One thing that should be pointed out though when considering the luck involved in snooker is that the way commentators carry on, every player is "lucky" when they attempt a pot and don't leave anything on when that is far from the case. The infinite positions balls can land mean it's more unlucky to actually leave your opponent a chance when you miss than the other way around.
The classic example is missed red. When you miss a red you are playing for position on a colour, not a red. Therefore it's more fair to call someone "lucky" if they miss a colour and don't leave a red, seeing as they played for the white to land on a red. And naturally, when you miss a ball the white never lands up exactly where you intend it to land, so most chances left will invariably be more difficult than intended.

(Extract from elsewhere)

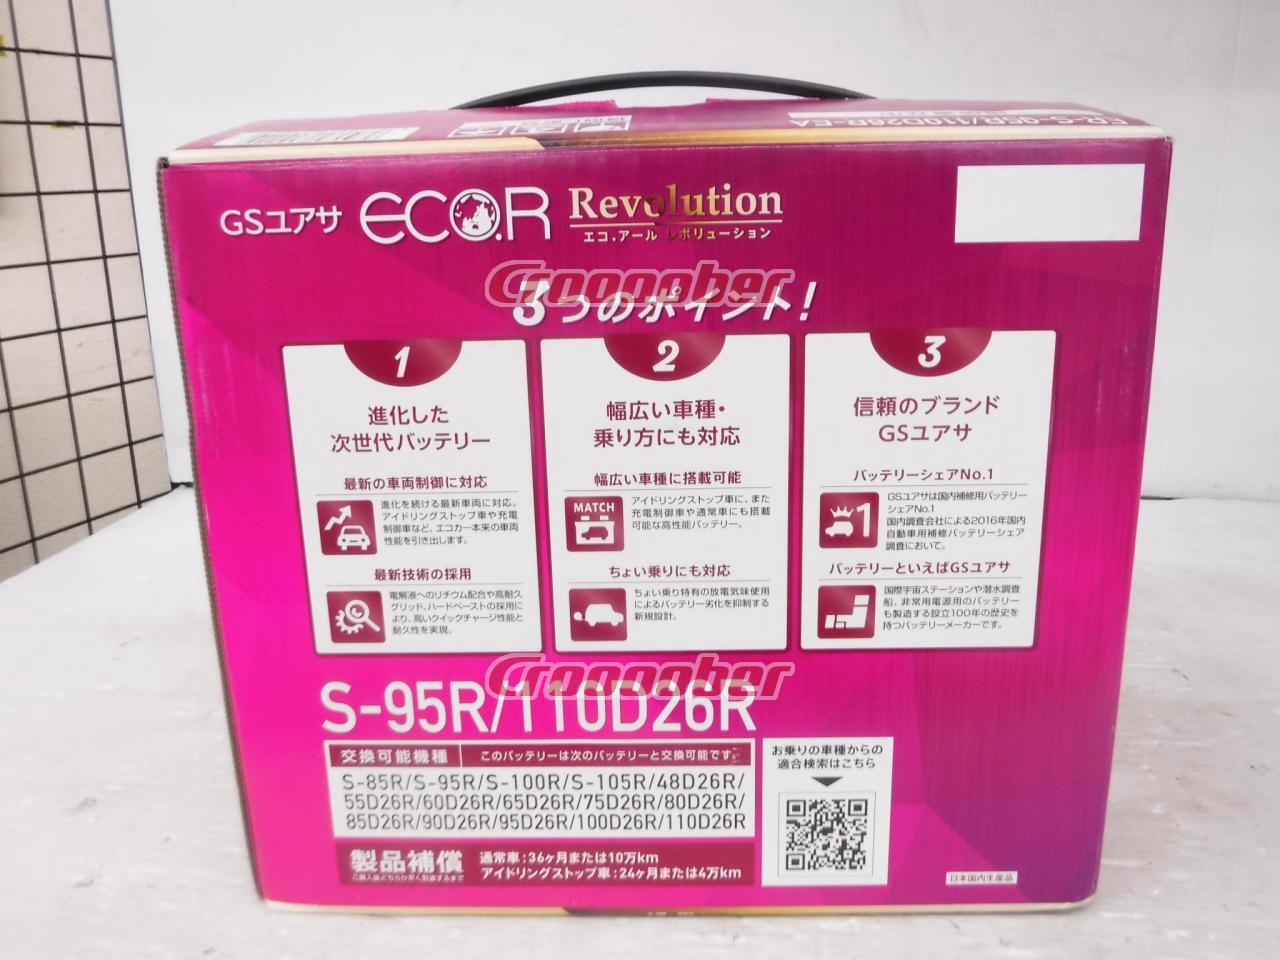 GS Yuasa Eco.R Revolution S-95R / 110D26R | Batteries | Croooober

It happens in all sports. Fifa's attempts to counter luck of the draw by employing a linesman at each end of the pitch is still pretty pointless as there will still be many occasions where by "luck" isn't spotted. And by introducing judgement you are killing the essence of sport. It's what makes sport so exhilirating. If you took luck out of snooker, say by asking players to nominate pockets, it would take much of the fun out of it and in the end make it more boring to watch as it would encourage endless arguements about what a player intended. Also you couldn't legislate for luck which occurred outside a potted ball, say a flukey snooker, as well as not allowing a player to chance a shot he think could be a result of the shot he's playing even though he knows it's unlikely.
And besides, it's all a part of the mind games, giving the impression you played for something that you didn't by not apologising for something "lucky". Get inside your opponents head. That's more what sport is about - how you cope with the run of the ball rather than the run of the ball itself.